The Slate piece, despite its cringe-inducing title, is not a bad bit of analysis of a subgroup of black people who use Twitter. It’s undeniable that there are generally one or two top trending topics (especially late at night) being primarily used by black people. The question Manjoo seems to be trying to answer is why black people dominate the conversation on Twitter.
One of the people Manjoo interviews, Brandon Meeder, seems to be on to something. Meeder proposes that the tightly interconnected black communities on Twitter send certain hashtags spiraling upward. Speaking anecdotally, I’ve seen this happen many times. Although there are several very popular black twitterers that I choose not to follow, the same can’t be said for other black twitterers I do follow. Hashtags, some very tempting to join in on, creep into my Twitter timeline regularly.

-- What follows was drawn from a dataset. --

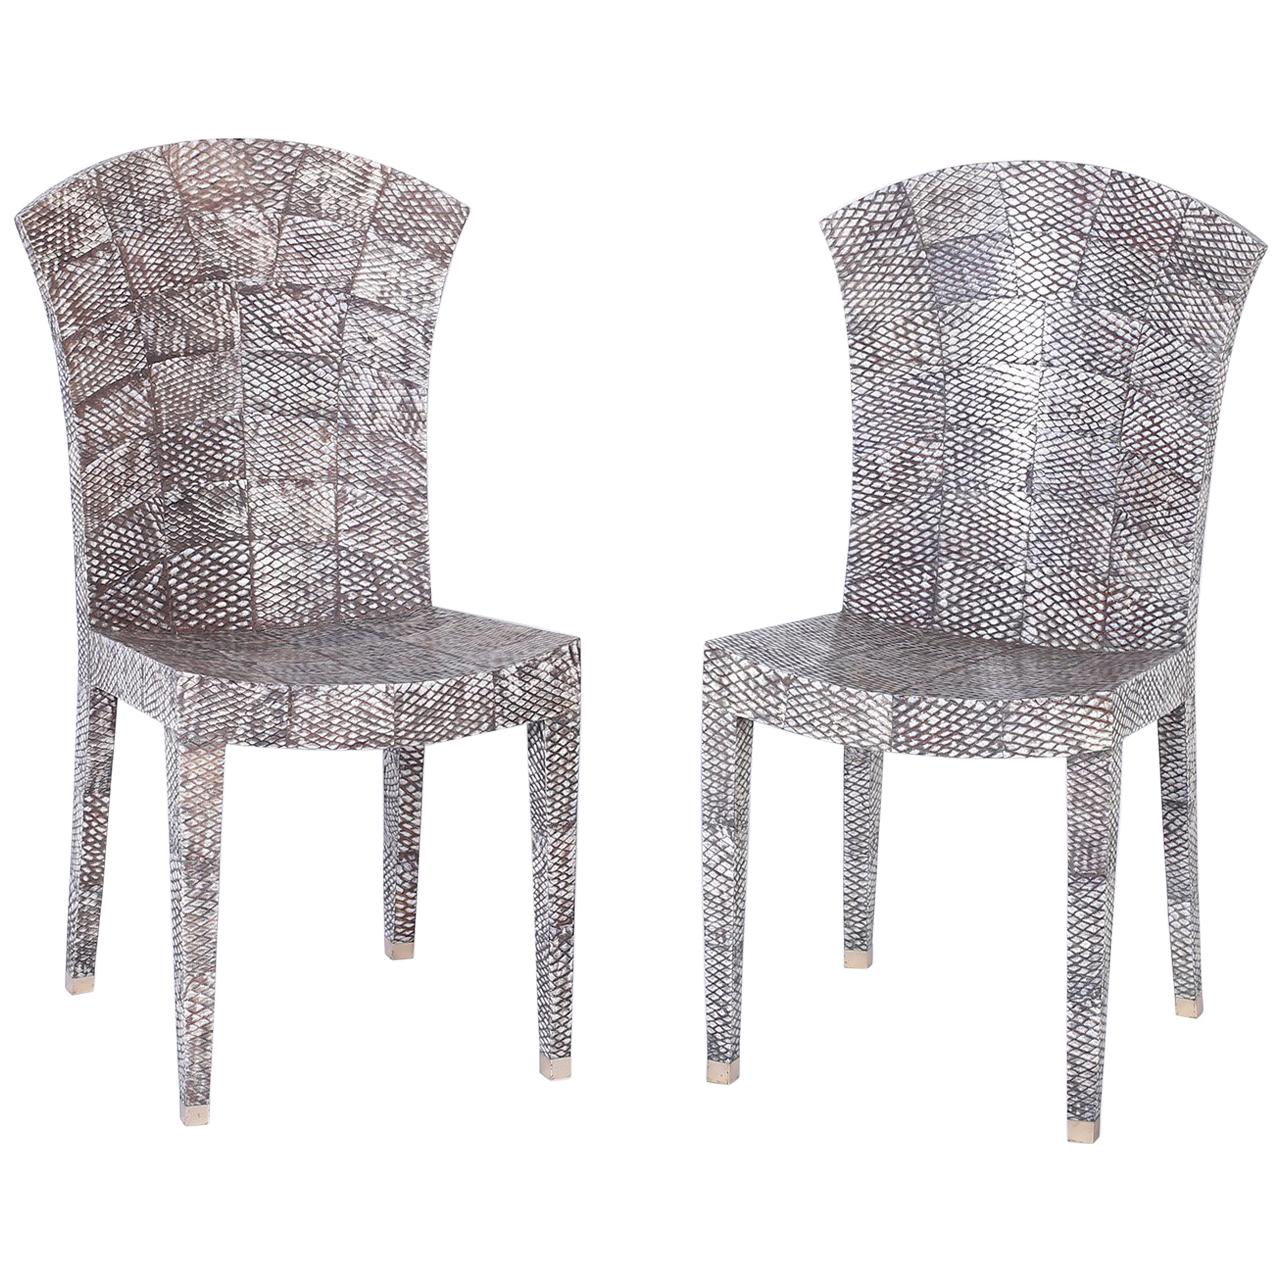 Pair of Midcentury Shagreen Covered Dining Chairs

Merits of the piece aside, what troubled me on first read was that Manjoo quoted only men — four popular male twitterers served as the voice of blacks in the piece. While they all had valuable insights to offer, it’s frustrating to read yet another piece about black people that only quotes black men. I e-mailed Manjoo about this, and he acknowledged that as a flaw in the piece, but I’m looking forward to a day when I don’t have to call someone out on something so simple.
But what bothers this black twitterer more than any of that is this: that the story was clearly written with a befuddled and bemused white audience in mind. This notion exists that the ways of black folks are so very mysterious that it takes a brown man — Manjoo basically serves as a bridge — to explain them to whites. But one of the explanations is pretty simple: black people on Twitter, just as they do in real life, maintain tight-knit communities where they trade jokes, bicker, and play with each other. The same could be said about any other community using the site. I’ve seen many a journalist-oriented hashtag show up in my timeline.
To address the question about the ‘dominance’ of black twitterers, I believe the answer lies somewhere in this combination of pretty mundane facts: Poor and working class people are more likely to access the internet through mobile devices than they are through expensive computers with expensive high speed internet plans, and 25 percent of black people live in poverty. Young people are also more likely to access the internet through mobile devices. The median age of black people in the U.S. is 31.8, compared to 38.2 for whites.
Young black people on Twitter are right on trend. That is, when a large percentage of a racial group is young and doesn’t have a lot of money, they’re going to dominate a free service that ties in perfectly with their most common mode of communication. Manjoo concludes: “Given that these hashtags are occurring in a subgroup of black people online, it is probably a mistake to take them as representative of anything larger about black culture.”
He could have left the “probably” out.